The Mathematics Gallery design explores the many influences of mathematics in our everyday lives; transforming seemingly abstract mathematical concepts into an exciting interactive experience for visitors of all ages.
The Science Museum’s collection tells the stories of key scientific and technological developments and the people behind them. The new Mathematics Gallery will engage its visitors by connecting the gallery’s objects to their mathematical ideas and demonstrating how they work - helping visitors to understand how each object was designed and built, and also outlining its social and cultural significance. The gallery’s design will encourage visitors to be inquisitive and discover links between the historic objects and contemporary experience.

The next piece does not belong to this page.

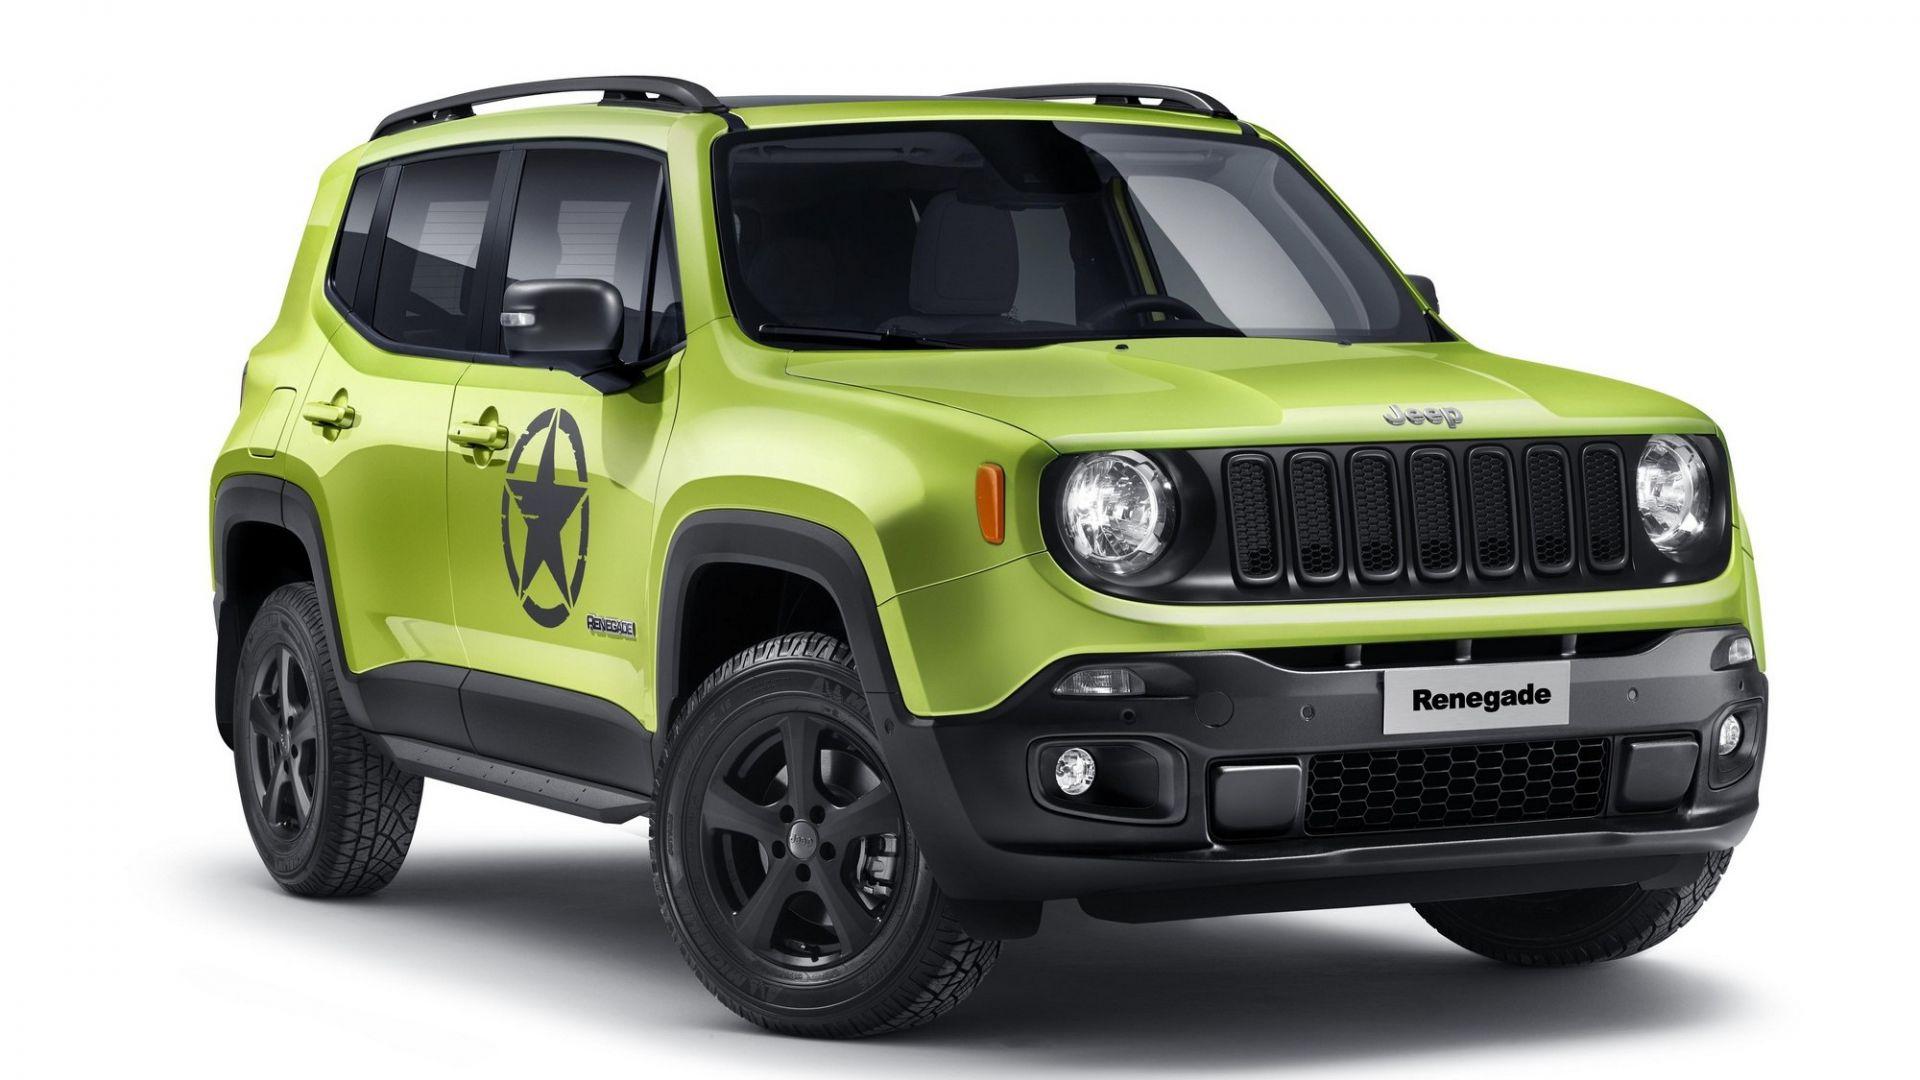 jeep renegade by mopar pi corazzata al salone di ginevra. Black Bedroom Furniture Sets. Home Design Ideas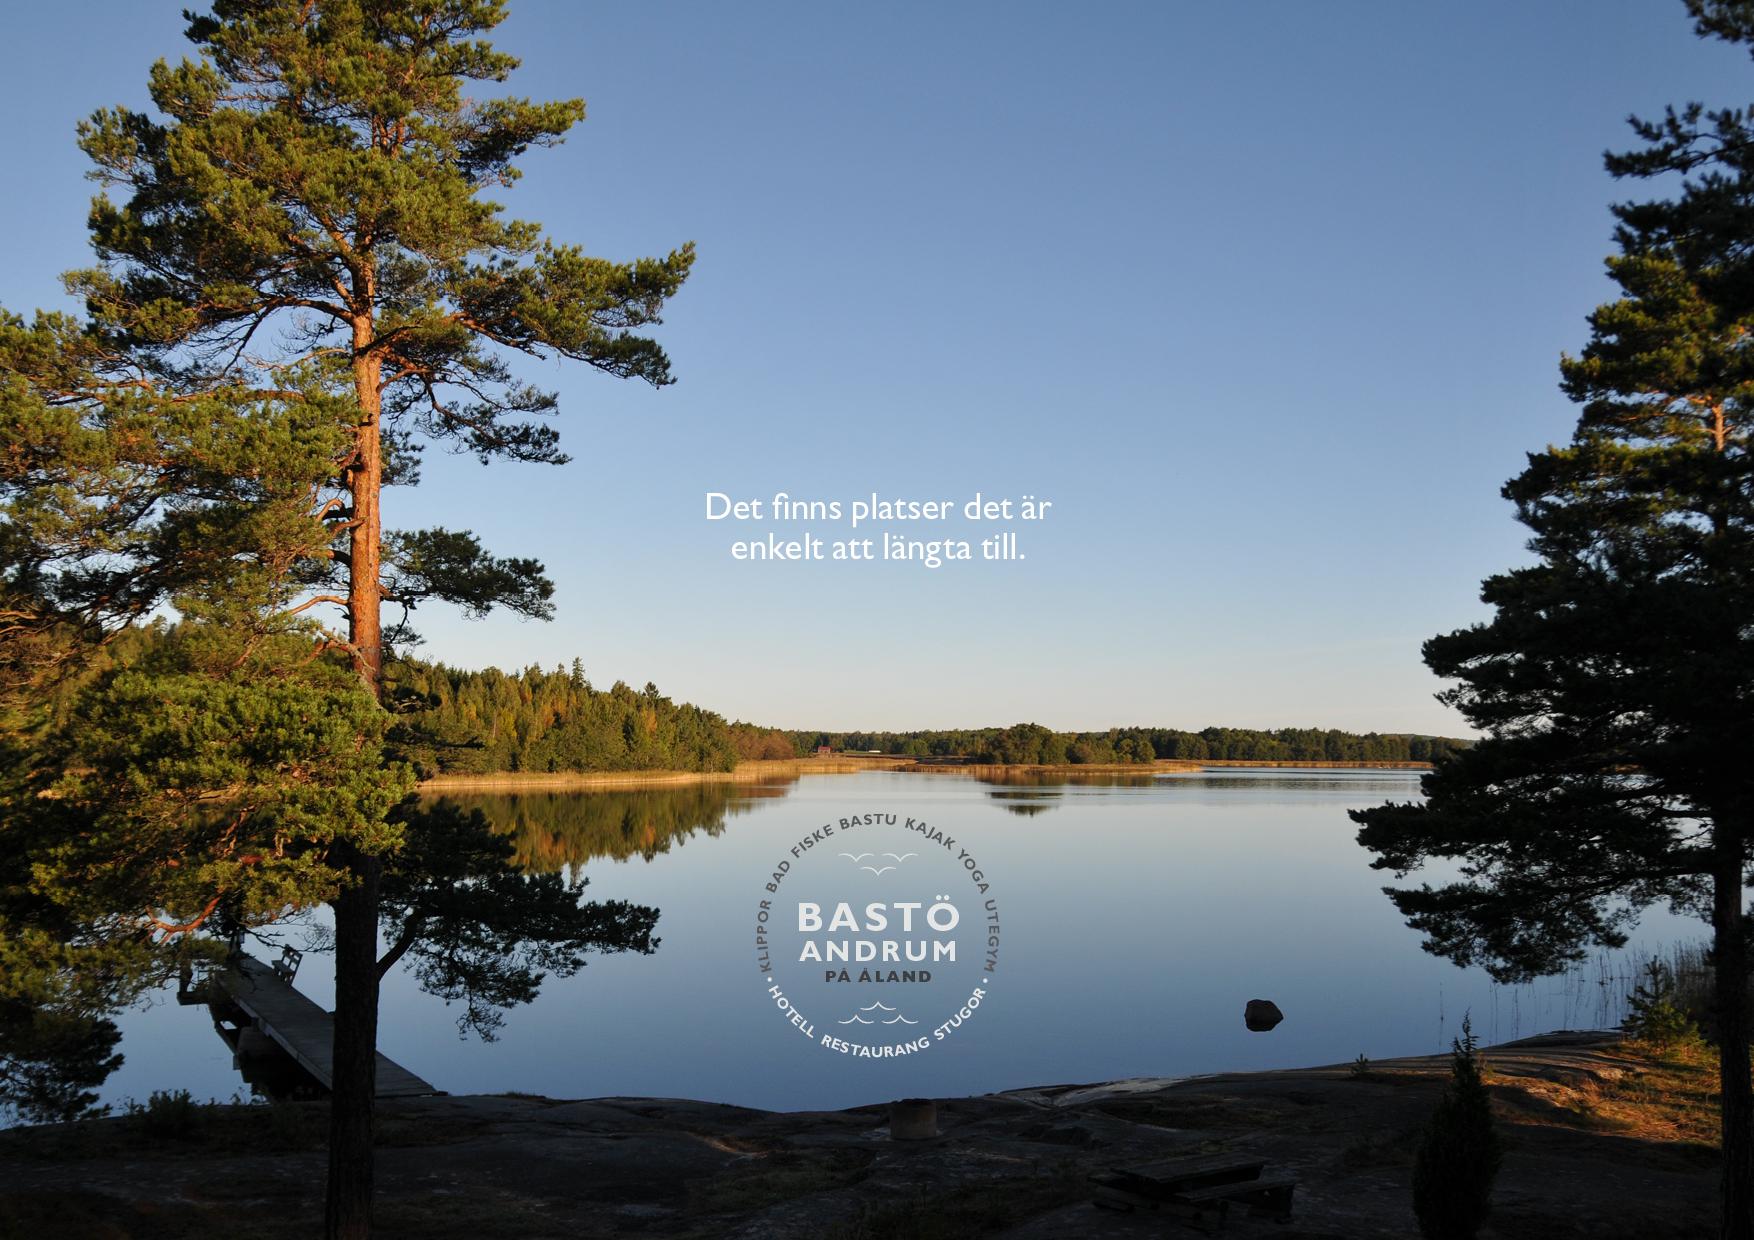 """Broschyren """"Det finns platser det är enkelt att längta till"""" för Bastö Andrum"""

The varied collection exhibited in the gallery will be divided into three zones: mathematicians; mathematical applications in our everyday lives; mathematical tools and ideas. However, the fluid organization of the gallery’s design will invite curators and visitors to establish connections that transcend every zone, mirroring the integrated nature of mathematics applications in all aspects of life.
The largest object to be exhibited within the gallery will be a 1929 biplane suspended from the ceiling. This experimental British aircraft made by Handley Page competed in the finals of the 1927 competition to design an aircraft that could take off and land slowly and steeply without stalling. The mathematics of aerodynamics and material stress embodied within the biplane’s design involved the modelling of complex interactive equations. This research profoundly advanced aviation technology and understanding at the very beginnings of civilian air travel.
The gallery’s design will bring this remarkable story of the Handley Page biplane to life by considering the entire gallery as a wind tunnel for the aircraft which will hang in the centre of the space. Three-dimensional curved surfaces representing the aircraft’s aerodynamic turbulence field describe the formal and organizational concepts that define all other aspects of the gallery. These curvilinear surfaces convey complex mathematical ideas such vector-fields with their capacity to describe constantly-varying quantities. The gallery’s many different display cases and three central exhibition pods will embody these same formal concepts by applying a family of mathematics called minimal surfaces.
The new Mathematics Gallery will engage its visitors with an immersive experience of the mathematical and convey many of the fascinating stories of mathematicians that have shaped our history and continue to define our future.